Data shown Block Start

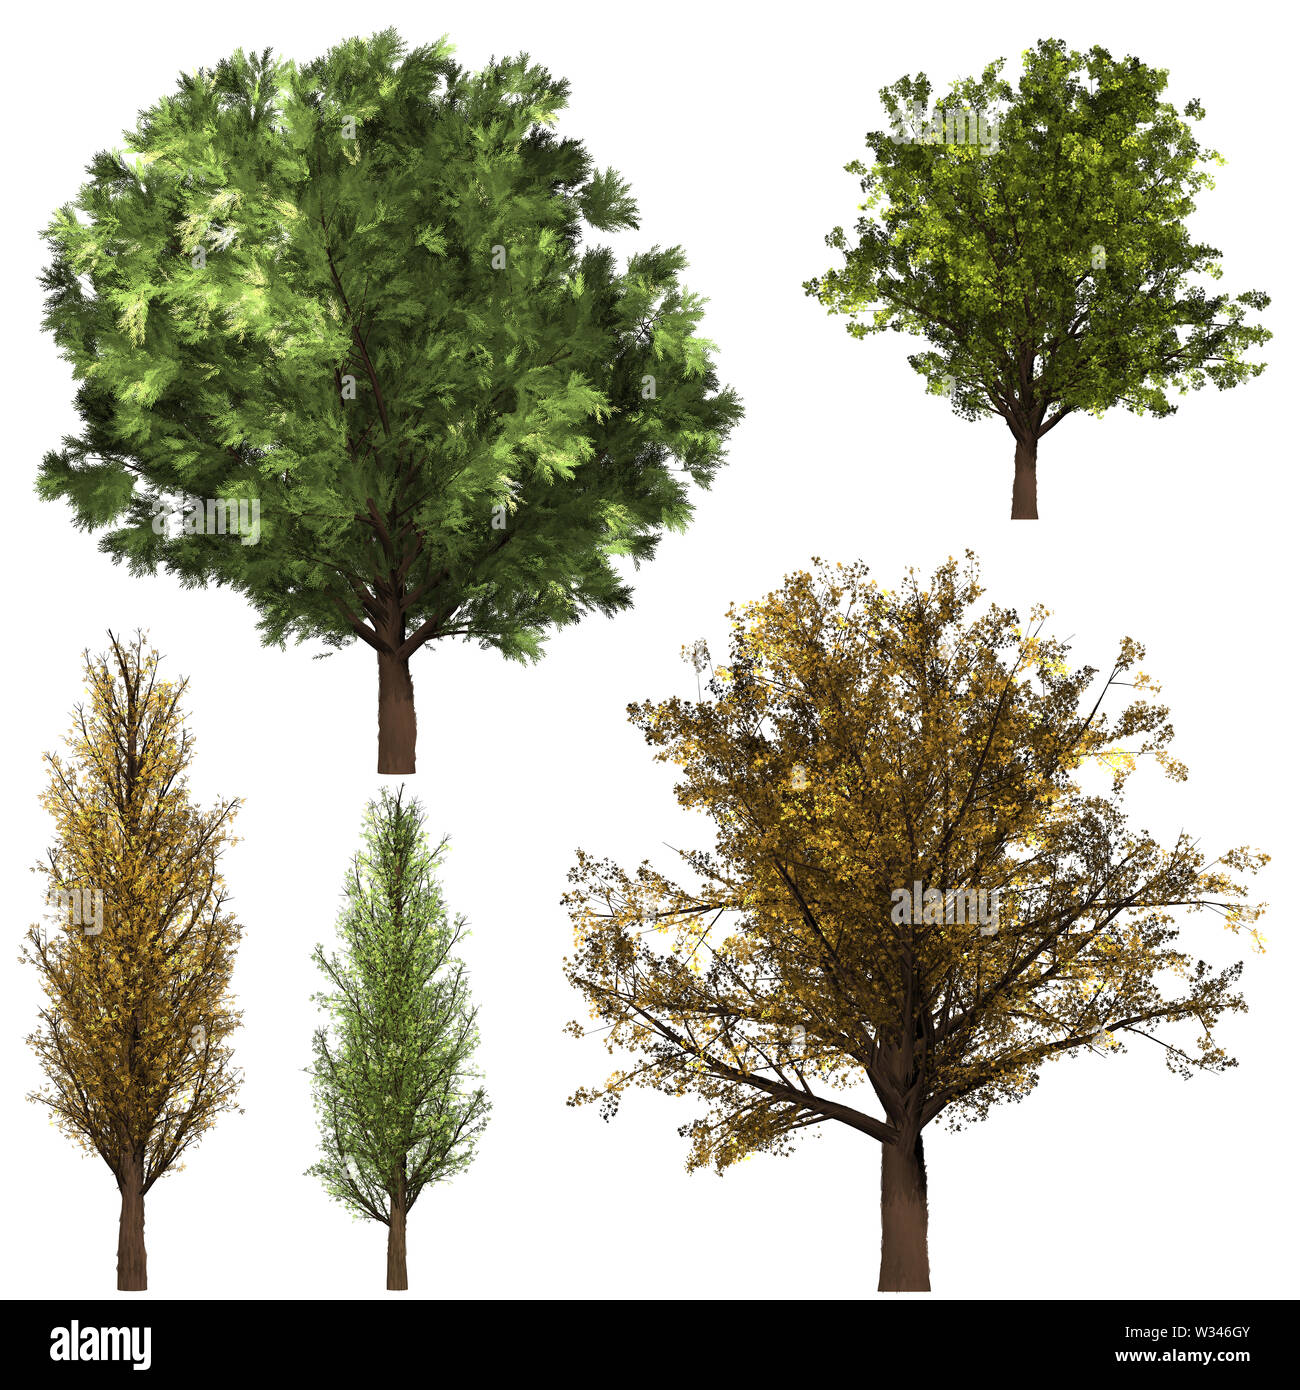 Green Forrest tree background. 2 set Illustration tree. Stock Photo
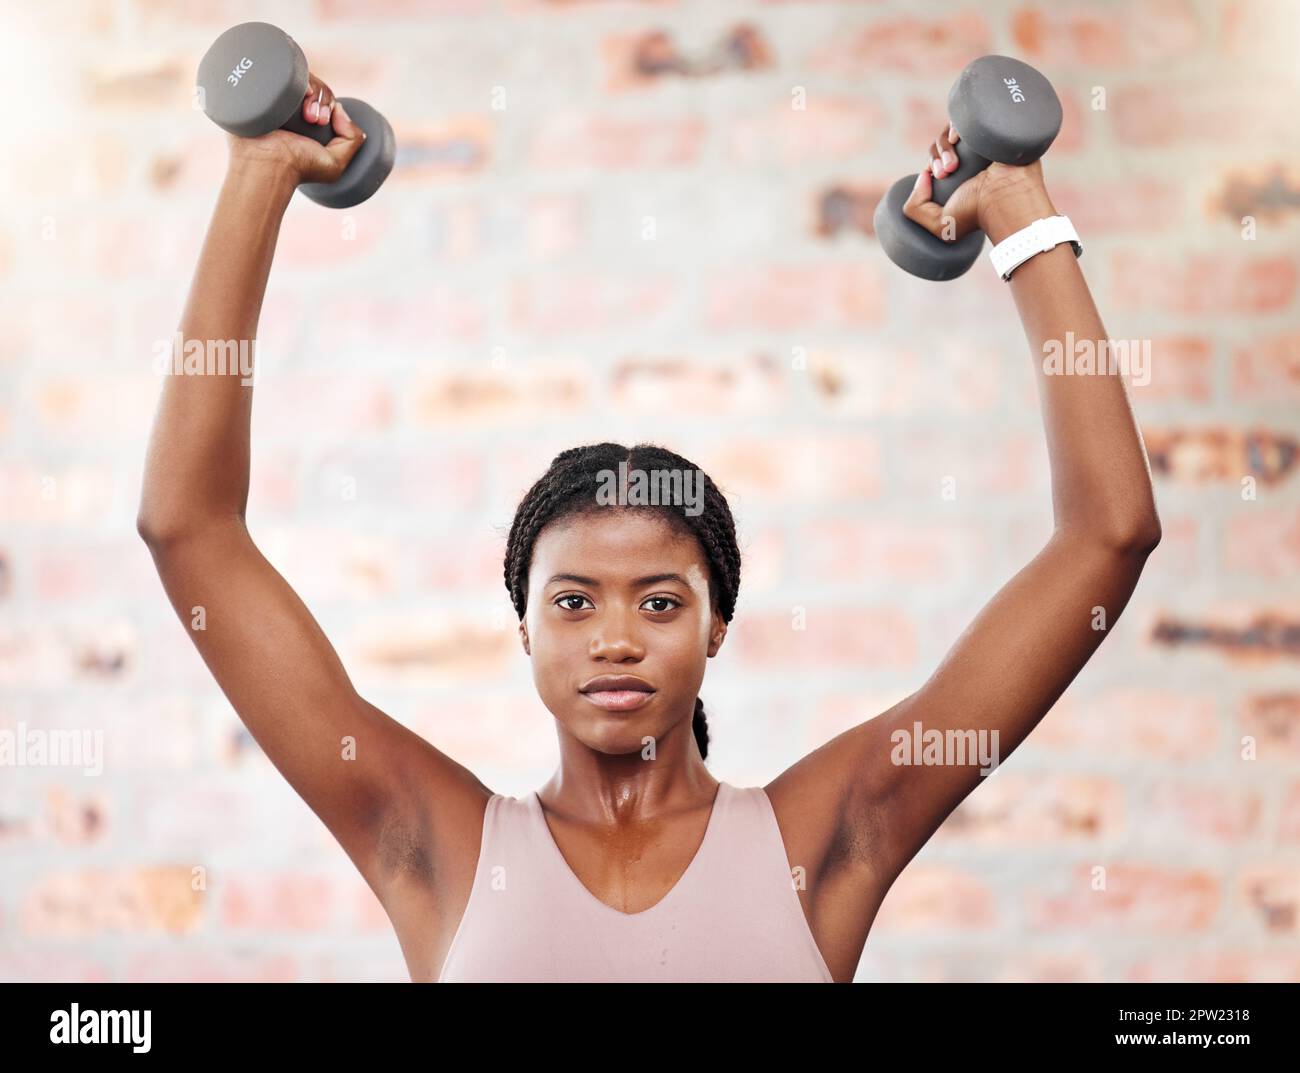 Body goals!  Fitness girls, Fitness inspiration, Muscle girls
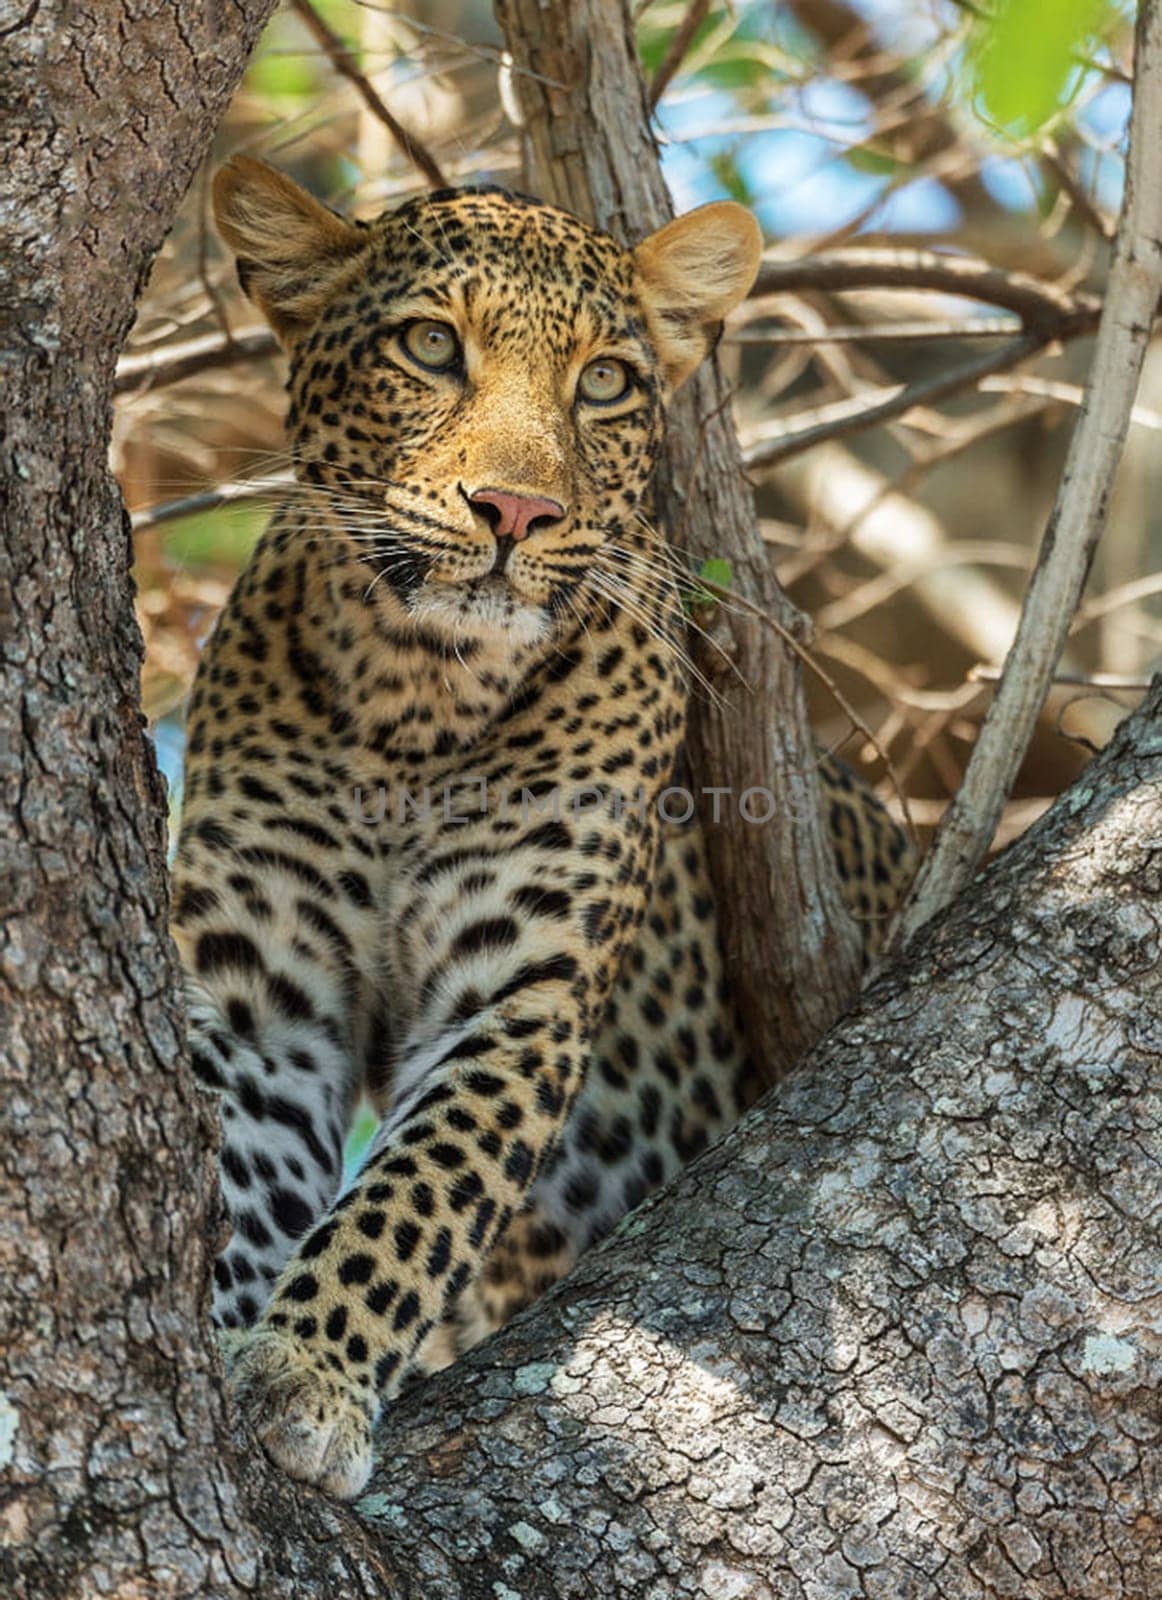 Creative Luangwa, Zambia wildlife pictures

Data shown Block End

_Activity_
Give back the material above exactly, but without its images.

_Solution to the problem_
 Green Forrest tree background. 2 set Illustration tree. Stock Photo
 Body goals!  Fitness girls, Fitness inspiration, Muscle girls
 Creative Luangwa, Zambia wildlife pictures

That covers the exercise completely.